Almost as it can't take any interval with units of months or more (due to varying duration).

Let's see:

=$ select date_bin('5 minutes', now());
ERROR:  function date_bin(unknown, timestamp with time zone) does not exist
LINE 1: select date_bin('5 minutes', now());
               ^
HINT:  No function matches the given name and argument types. You might need to add explicit type casts.
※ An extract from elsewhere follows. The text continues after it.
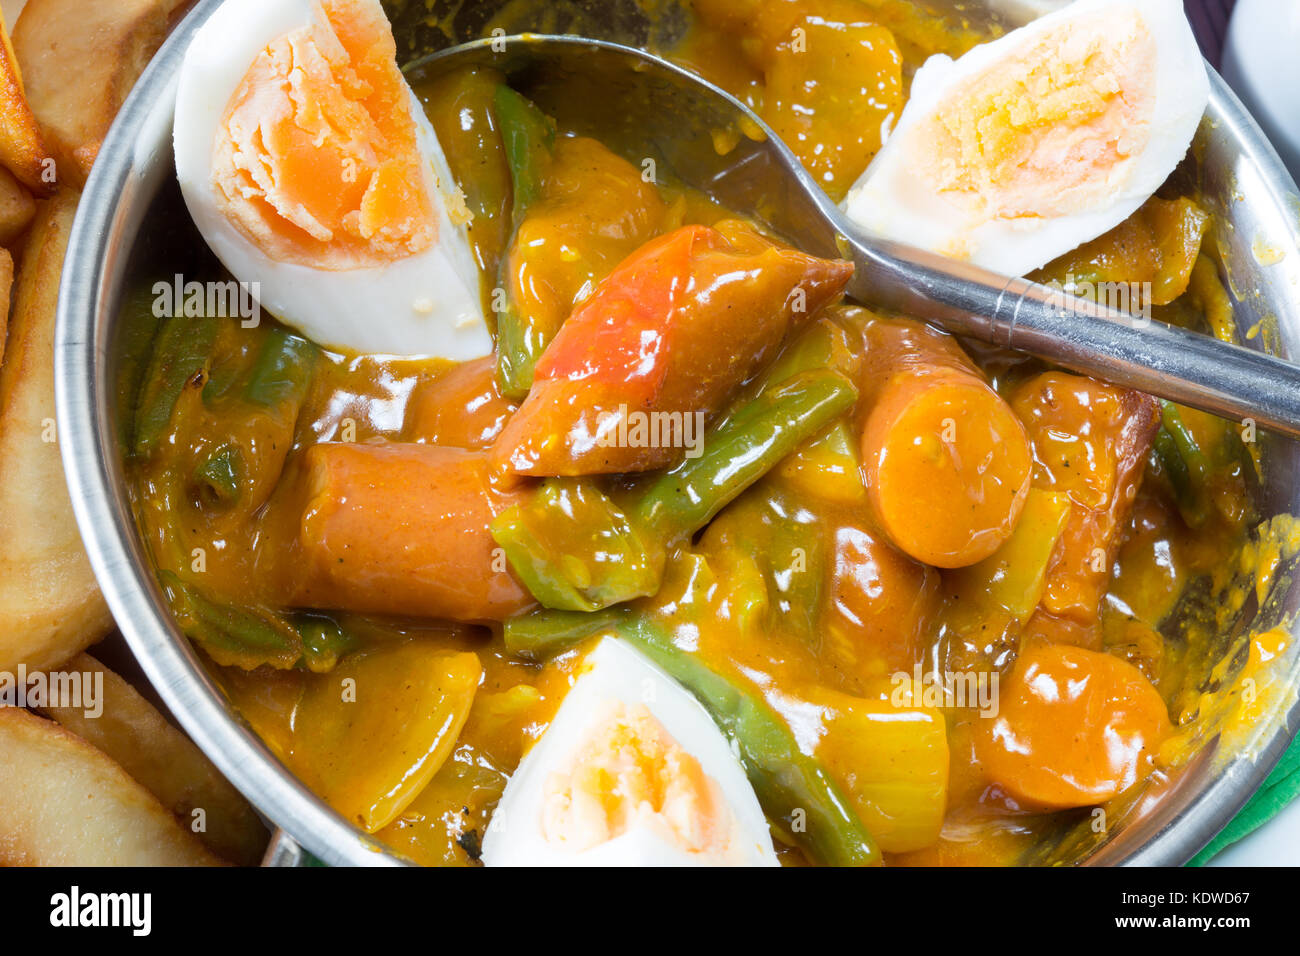 English pub meal of Curried Sausage with boiled egg served in a kahari bowl and a side of potato chips/fries Stock Photo
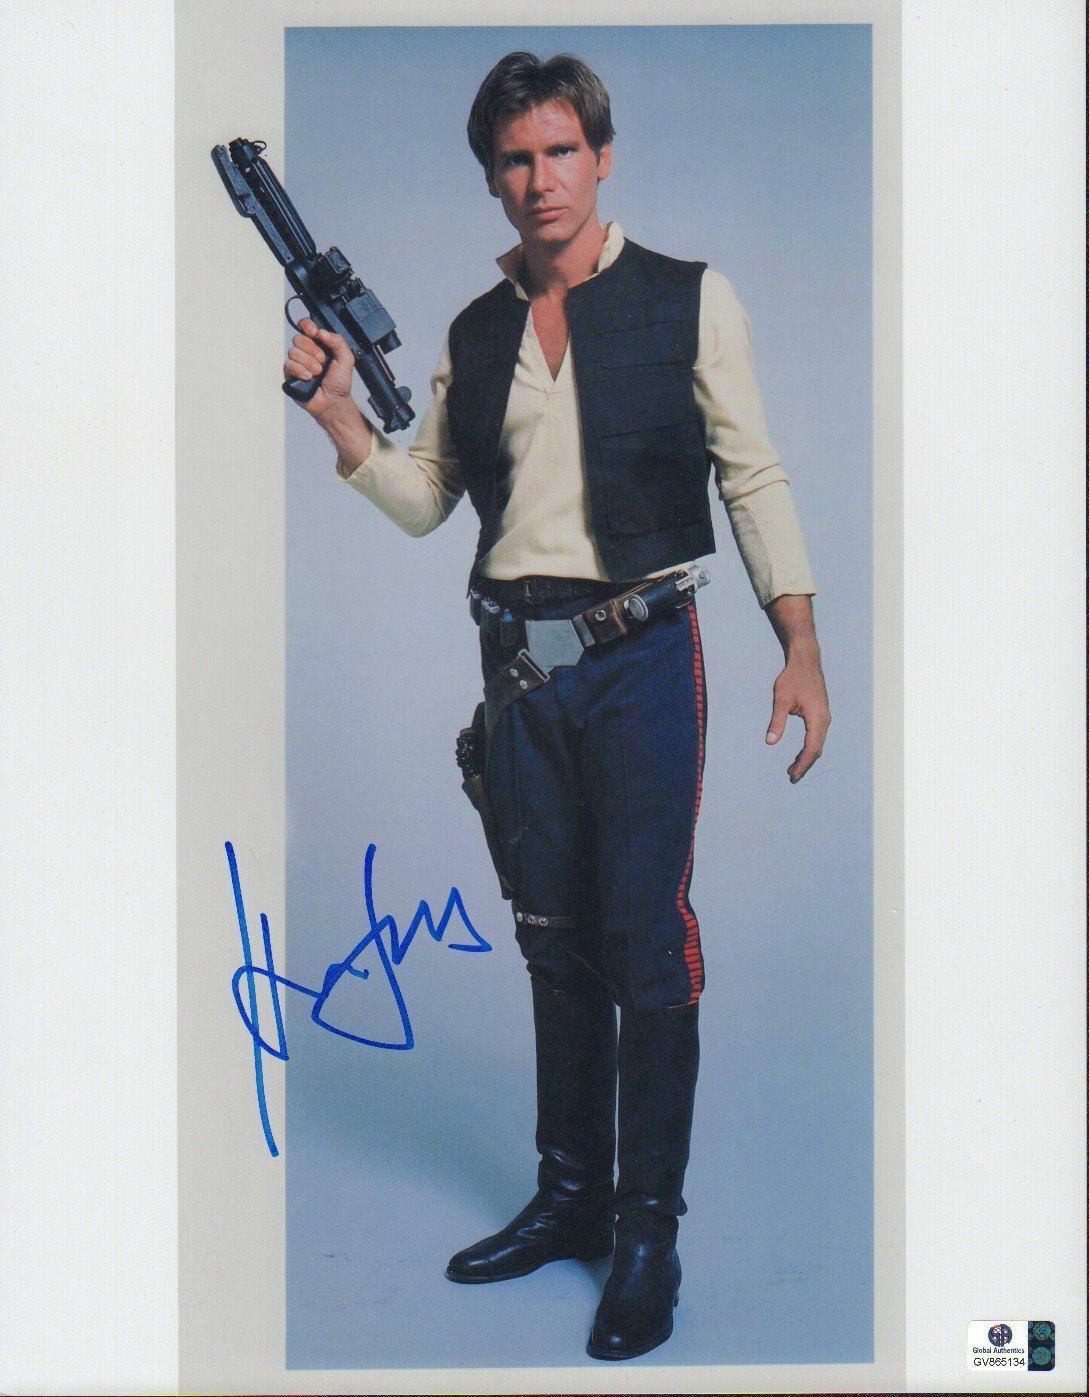 HARRISON FORD Signed 'Han Solo' Photo Poster paintinggraph - Film Star Actor - preprint

hmm … careful reason suggests that there is second argument – basically what is base for the bin calculation. So, to get the same results, I'd need to use epoch start as base:

=$ select date_bin('5 minutes', now(), '1970-01-01');
        date_bin
------------------------
 2021-03-31 20:35:00+02
(1 row)

Nice. Of course, I can use any length that can be expressed as interval, and any starting point:

=$ select date_bin('17 minutes 31 seconds'::interval, now(), '2000-01-01');
        date_bin
------------------------
 2021-03-31 20:23:16+02
(1 row)

This is pretty cool.

Of course I don't expect many people needing to group their data in weird durations, like 17 minutes and 31 seconds, but 5/15 minutes can be pretty easy to imagine to be helpful.

Thanks a lot, everyone 🙂

8 thoughts on “Waiting for PostgreSQL 14 – Add date_bin function”

Hi Depesz,

very cool! I just read about the time_bucket function in TimescaleDB (https://docs.timescale.com/latest/api#time_bucket) two days ago and thought that this is a very cool feature. Nice to see this in PostgreSQL itself as well.

Best regards
Salek

Hi Depesz,

can you just point out what u(spec) in your first query is doing?
never has seen that…

thanks karsten

Hi karsten,

I wondered as well, never saw it before either.
I did not find an explanation in the SELECT docs for this, but it is in the docs as well here: https://www.postgresql.org/docs/current/functions-srf.html (search for “AS s(a)”).
It does not seem to matter if you put s(spec), xx(spec) or just spec, though. So it’s just a different way to specify an ALIAS name.

Best regards
Salek

Thanks Salek, with you hint and a second look its clear to me! thx

Hi @karsten

I think that ‘u’ is the alias name and ‘spec’ is the column name in the resultset. Greetings

this solves this problem, but better right ? https://www.depesz.com/2010/10/22/grouping-data-into-time-ranges/

@Mark:
yes. Built-in way to do the thing 🙂

I needed this some time ago and ended up with more or less the same function in SQL. It still may be used in pre-14 Postgresql versions.

create or replace function date_trunc
  (trunc_period interval, ts timestamptz, base_ts timestamptz default '1970-01-01Z')
  returns timestamptz language sql immutable as  $function$
select
  base_ts
  + floor(extract(epoch from ts - base_ts) / extract(epoch from trunc_period))::bigint
  * trunc_period;
$function$;

Comments are closed.